Oblivion Mod:Oblivion Tokenizer
The first stage in compiling an Oblivion script (since there is no preprocessor) will be the tokenizing of the script text into a stream of tokens ready to be passed onto the parsing stage. The tokenizer will be driven entirely by data supplied by an external text file.
The tokenizer can be split up into several sections:
-
- Character Classes -- Define a class for matching a custom set of characters.
- Token Types -- A class for handling a custom set of token definitions.
- Token Tables -- Table classes used for tokenizing a character stream using custom rules.
Token Parsing Algorithm[edit]
The token parsing uses a relatively simple table based ruleset which is essentially a finite state machine. The Token Table definitions use custom Character Classes to return custom Token Types, all as defined in an external text file.
The basic parsing algorithm is expressed below. Note that some error handling code removed to keep it simpler and the RunTokenTable() function is called recursively (an iterative version is preferred but more complex).

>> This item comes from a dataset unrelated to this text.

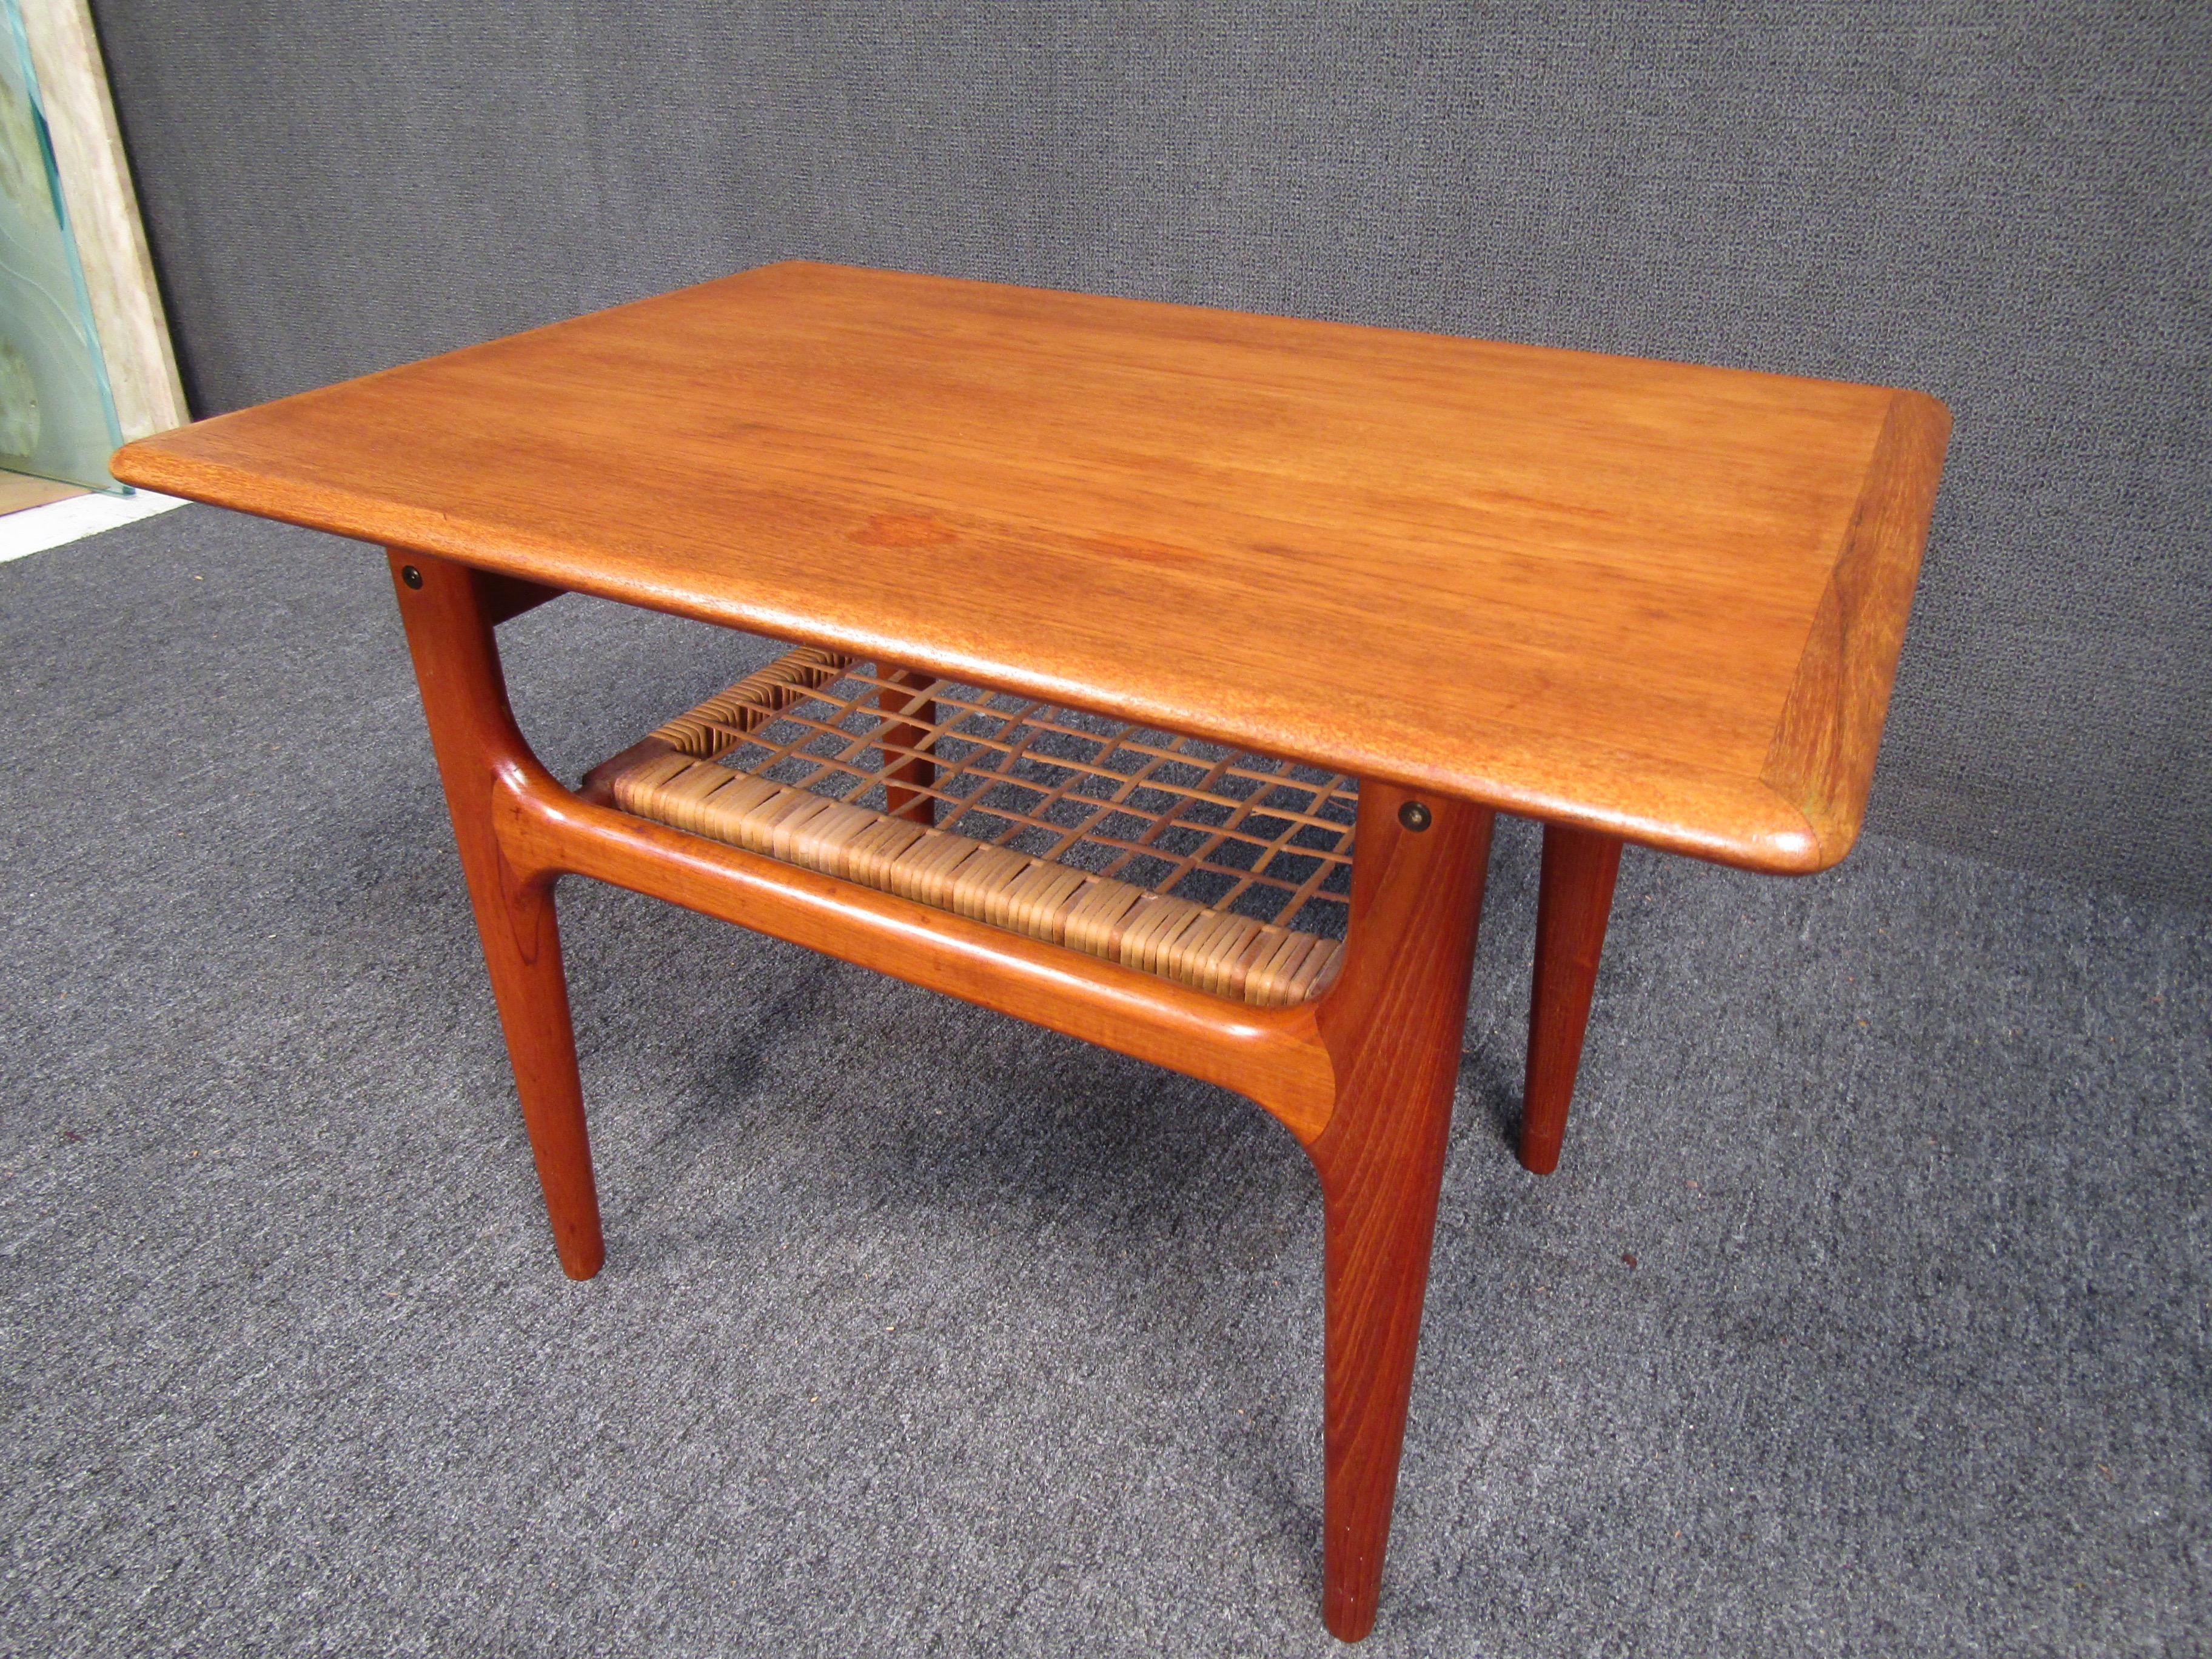 This fabulous Mid-Century Modern end table features a lower cane tier for added storage. The sleek design was made in Denmark and has elegant teak wood grain throughout. This lovely end table have smooth rounded edges and a rectangular top. A

bool m_GetTokenChar; string m_CurrentToken; char m_CurrentChar; CTokenTable m_TokenTables[]; function Tokenize (ScanSource) { ScanSource->MoveToStart(); m_GetTokenChar = true; while (!ScanSource->IsEOF()) { pToken = RunTokenTable(m_TokenTables.GetStartTable(), ScanSource); if (pToken->IsEndToken()) break; } } function RunTokenTable(TokenTable, ScanSource) { if (m_GetTokenChar) { if (ScanSource->IsEOF()) return (NULL); m_GetTokenChar = false; m_CurrentChar = ScanSource->GetChar(); } for (Index = 0; Index < TokenTable->GetNumRows(); ++Index) { TokenRow = pTable->GetRow(Index); if (TokenRow ->DoesMatch(m_CurrentToken, m_CurrentChar)) { return DoRowAction(TokenRow, TokenTable); } } return DoRowAction(TokenTable->GetDefaultRow()); } function DoRowAction (TokenRow, TokenTable) { switch (TokenRow->GetAction()) { case TOKEN_RESULT_IGNORE: m_GetTokenChar = true; return RunTokenTable(TokenTable); case TOKEN_RESULT_ERROR: ReportError(TokenRow->GetMessage()); m_GetTokenChar = true; m_CurrentToken.Empty(); return (NULL); case TOKEN_RESULT_CONTINUE: m_CurrentToken += m_CurrentTokenChar; m_GetTokenChar = true; return RunTokenTable(TokenTable); case TOKEN_RESULT_MOVETO: m_CurrentToken += m_CurrentTokenChar; m_GetTokenChar = true; return RunTokenTable(TokenRow.GetActionTable()); case TOKEN_RESULT_JUMPTO: return RunTokenTable(TokenRow.GetActionTable()); case TOKEN_RESULT_JMPRETURN: SaveToken(m_CurrentToken, TokenRow->GetActionToken()); m_CurrentToken.Empty(); return (pRow->GetResult().GetToken()); case TOKEN_RESULT_RETURN: m_CurrentToken += m_CurrentTokenChar; SaveToken(m_CurrentToken, TokenRow->GetActionToken()); m_CurrentToken.Empty(); m_GetTokenChar = true; return (TokenRow.GetActionToken()); } }
The basic steps in the algorithm are:
-
- Get first character from scan source
- Keep parsing until the scan source is empty or an end token is reached.
-
- Set initial table to the start token table (Step A)
- Begin parsing table (Step B)
-
- Find row in current table that matches the current character. Use default row if no match found.
- Perform the action in the matching row:
-
- Ignore -- Ignore current character and get next character. Restart parsing the current table (goto Step B).
- MoveTo -- Add current character to token value and get next character. Start parsing the new table (goto Step B).
- JumpTo -- Start parsing the new table (goto Step B).
- Return -- Add current character to token value and get next character. Create a new token with the current value. Clear current token value. End parsing table (goto Step A).
- JmpReturn -- Create a new token with current value. Clear current token value. End parsing table (goto Step A).
- Continue -- Add current character to token value and get next character. Restart parsing the current table (goto Step B).
- Error -- Add current character to token value and get next character. Report Error. Clear token value. End parsing table (goto Step A).
Performance[edit]
The performance of this method of tokenizing is generally good. Even with a very simple implementation with no optimization all 1687 scripts (1.2 Mb, 60,000 lines) in Oblivion can be tokenized in roughly 0.5 seconds on a typical mid-end computer.